■ Task to carry out: Repeat nothing but the lines below running from the one containing "Property building surrounded" to the one containing "Lifestyle blogger Roxanne". Keep both end lines.

━━━ Dataset ━━━

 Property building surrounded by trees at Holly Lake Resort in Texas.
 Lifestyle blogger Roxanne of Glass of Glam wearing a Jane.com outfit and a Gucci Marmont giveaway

━━━
━━━ Dataset ━━━

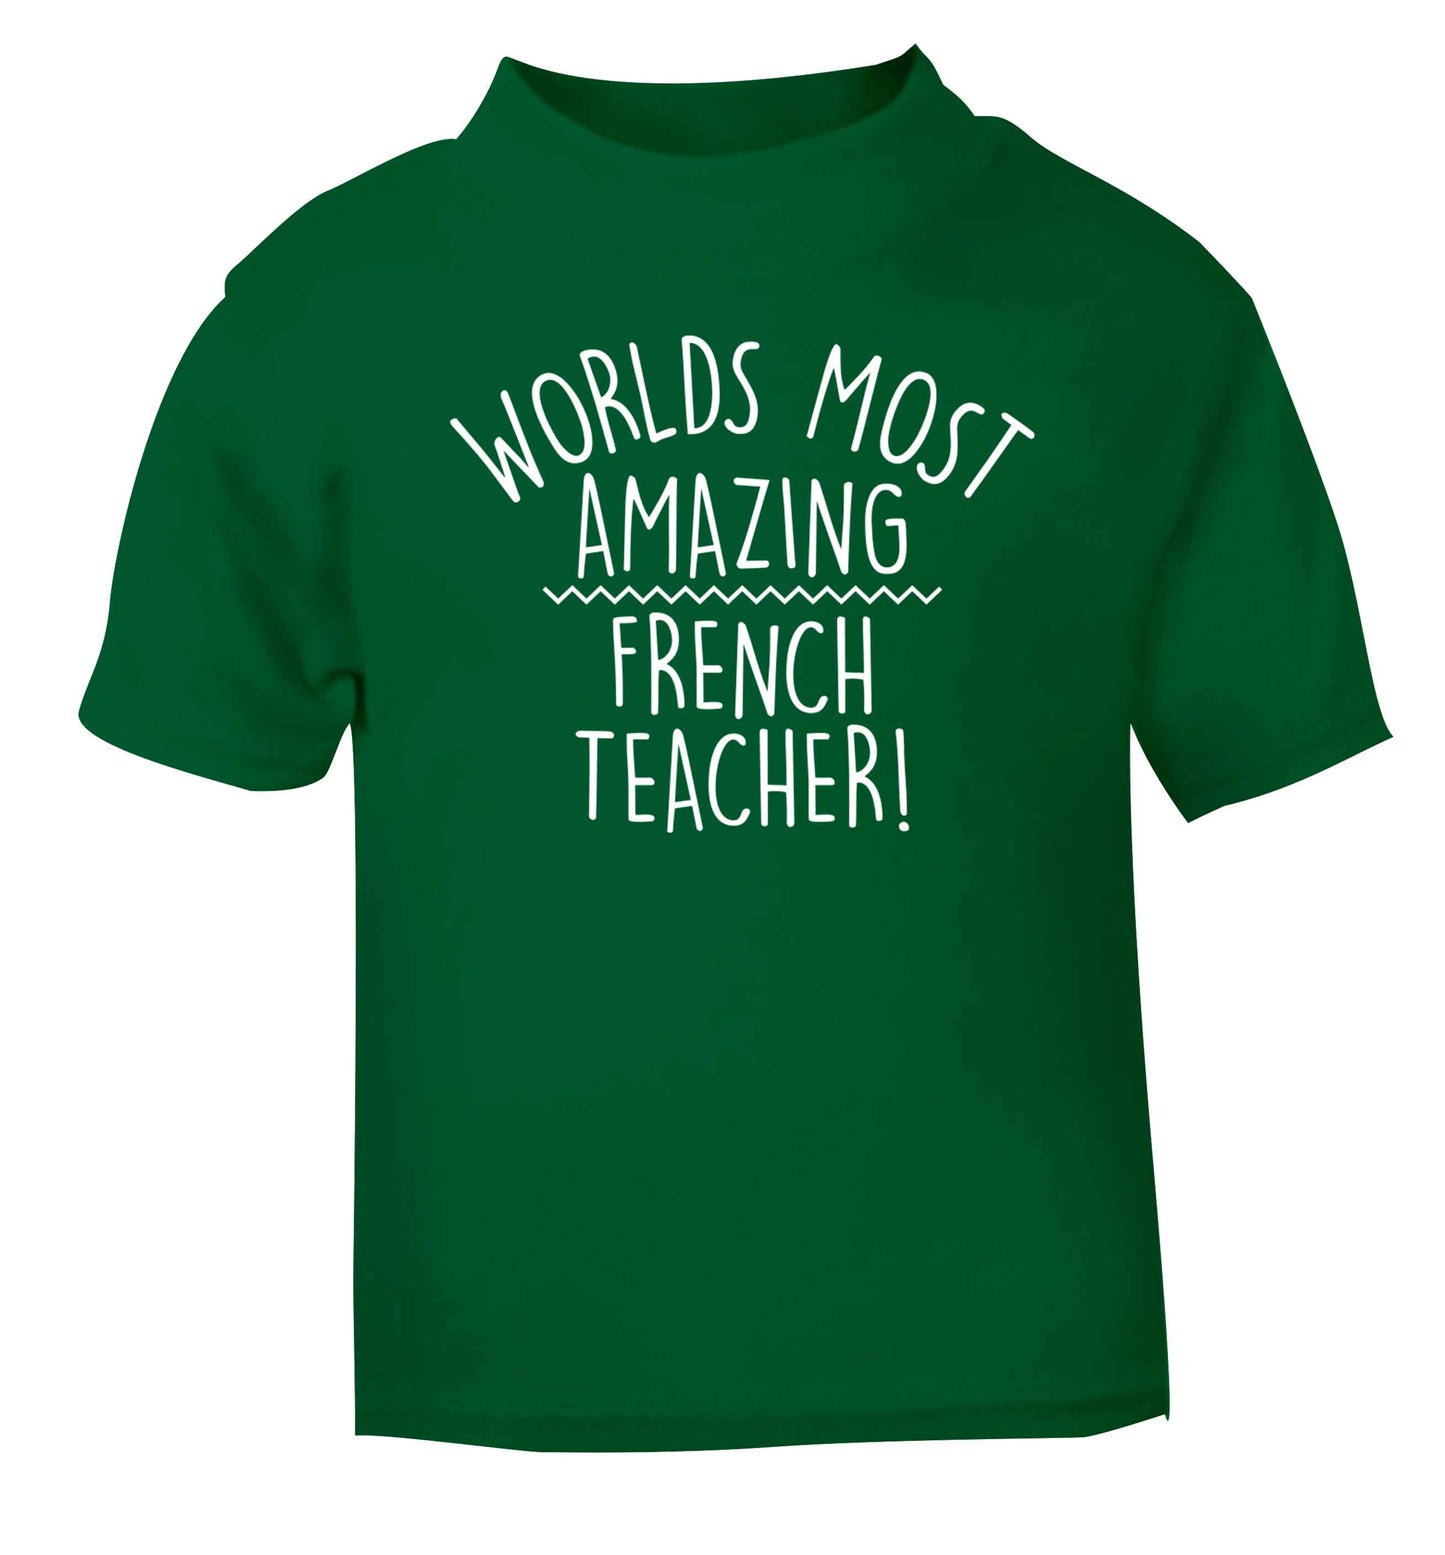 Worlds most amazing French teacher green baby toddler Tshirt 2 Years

━━━
━━━ Dataset ━━━

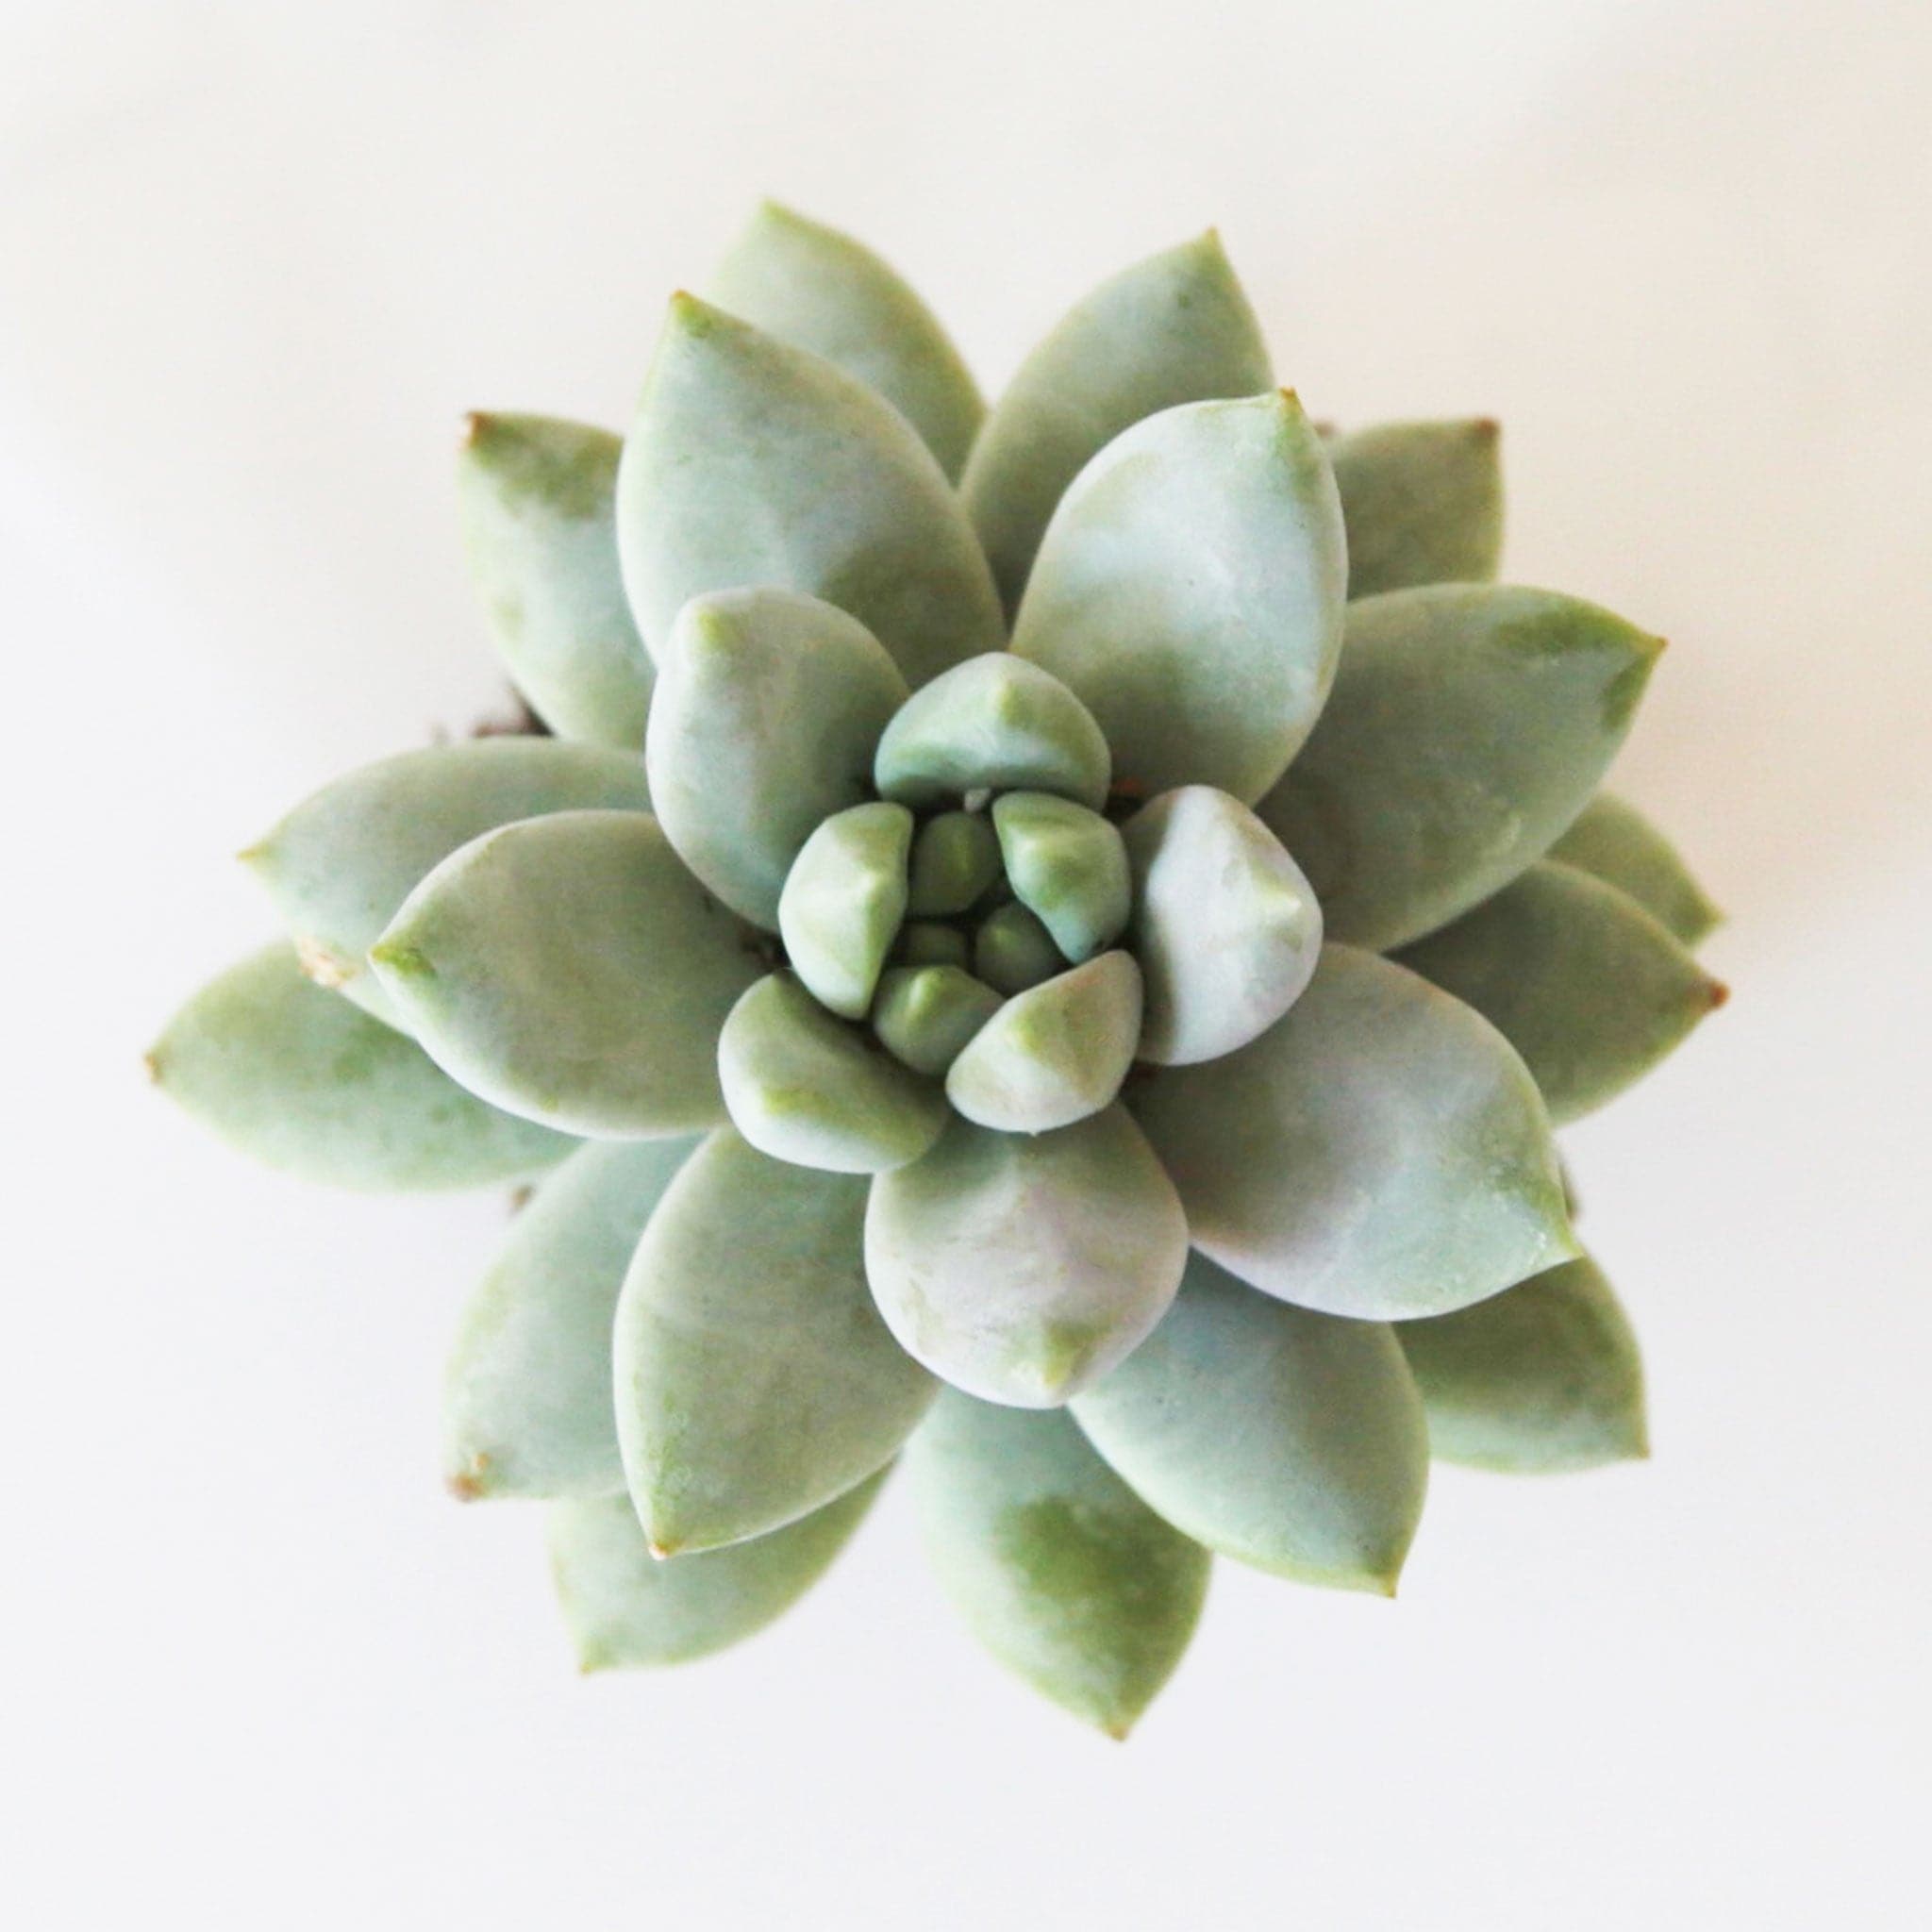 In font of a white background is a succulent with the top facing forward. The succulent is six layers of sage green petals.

━━━

■ Result below:
 Property building surrounded by trees at Holly Lake Resort in Texas.
 Lifestyle blogger Roxanne of Glass of Glam wearing a Jane.com outfit and a Gucci Marmont giveaway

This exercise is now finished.